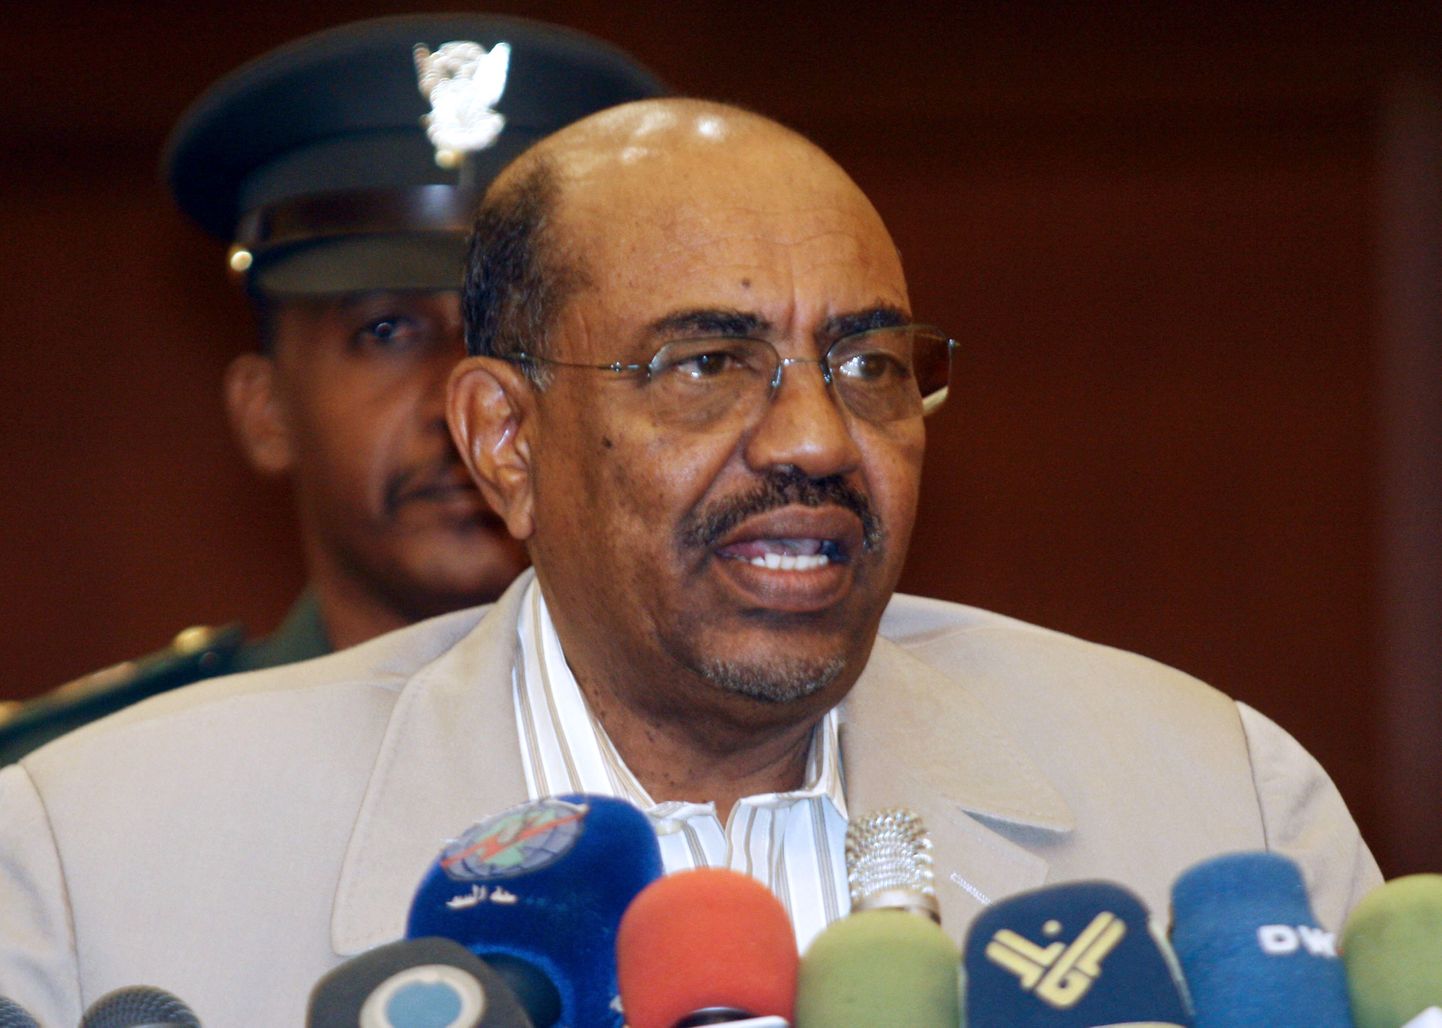 Sudaani president Omar Hassan al-Bashir.
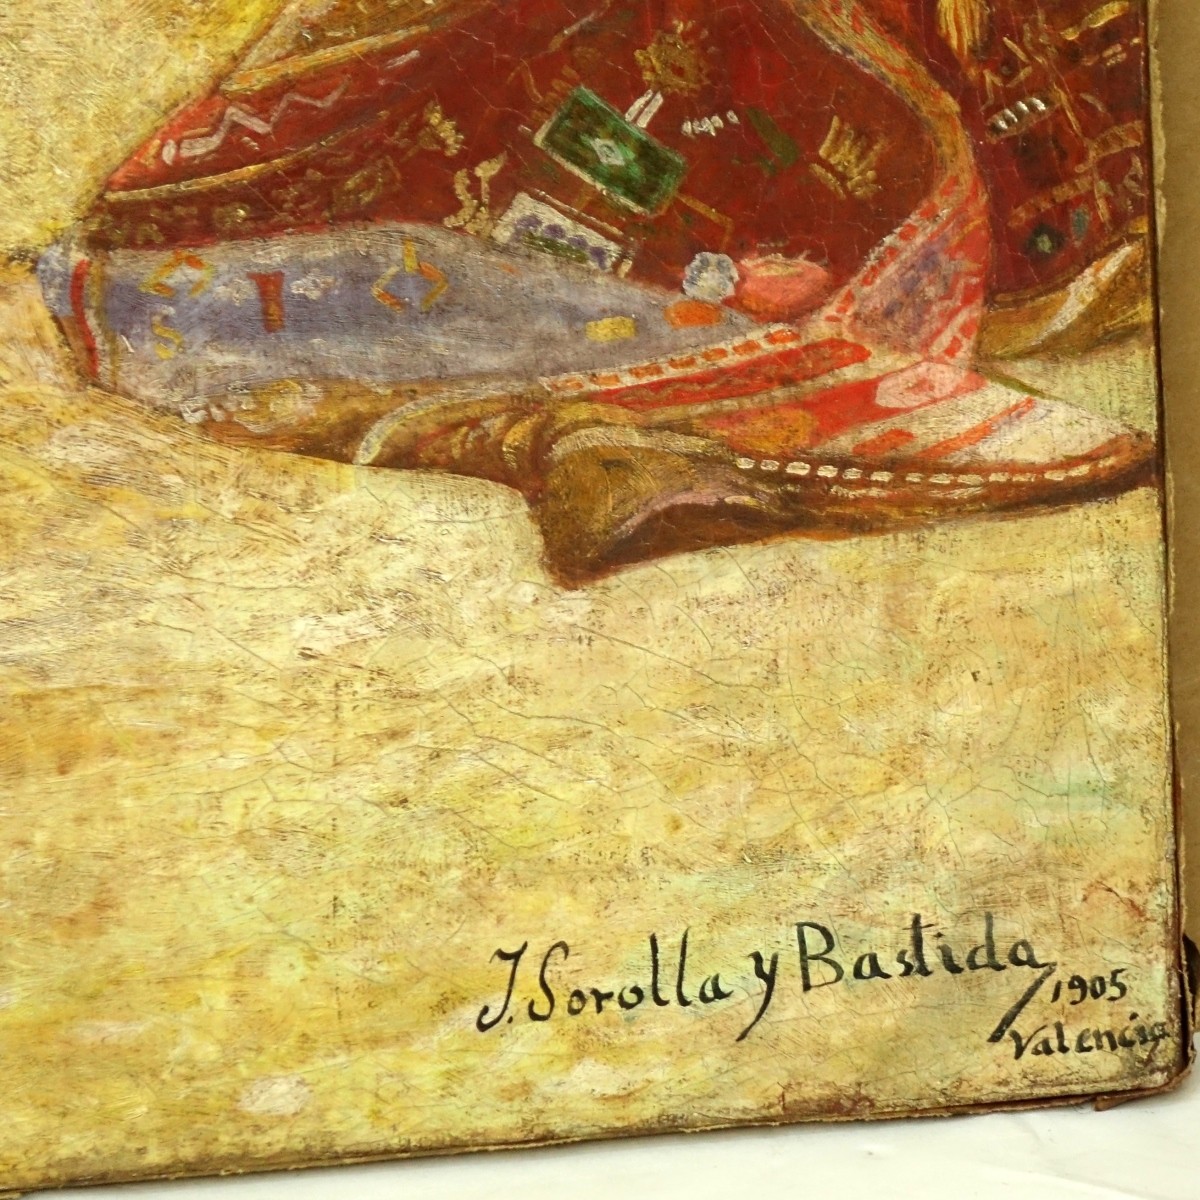 Joaquin Sorolla y Bastida (1863 - 1923) Oil/Canvas
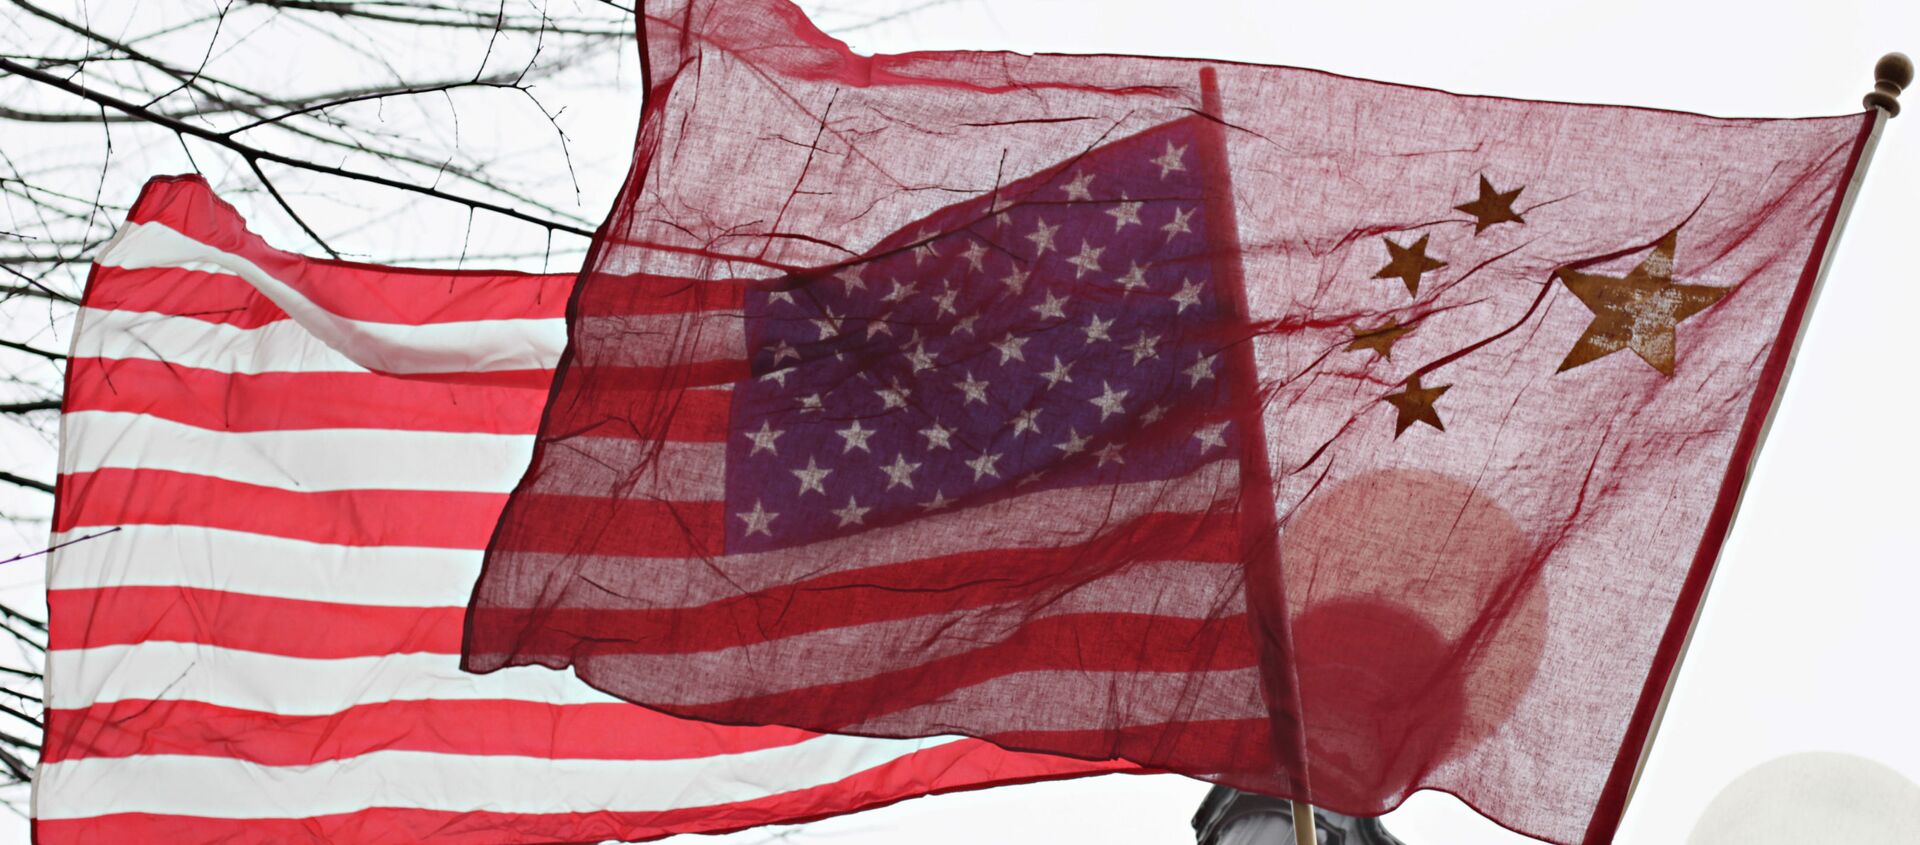 Американский и китайский флаги перед Белым домом в Вашингтоне - Sputnik Узбекистан, 1920, 05.02.2021

- - - -

What is needed is an exact copy of every line from the one with "Joaquin Sorolla y" to the end of the listing above, with the pictures left out.

 Joaquin Sorolla y Bastida (1863 - 1923) Oil/Canvas
 Американский и китайский флаги перед Белым домом в Вашингтоне - Sputnik Узбекистан, 1920, 05.02.2021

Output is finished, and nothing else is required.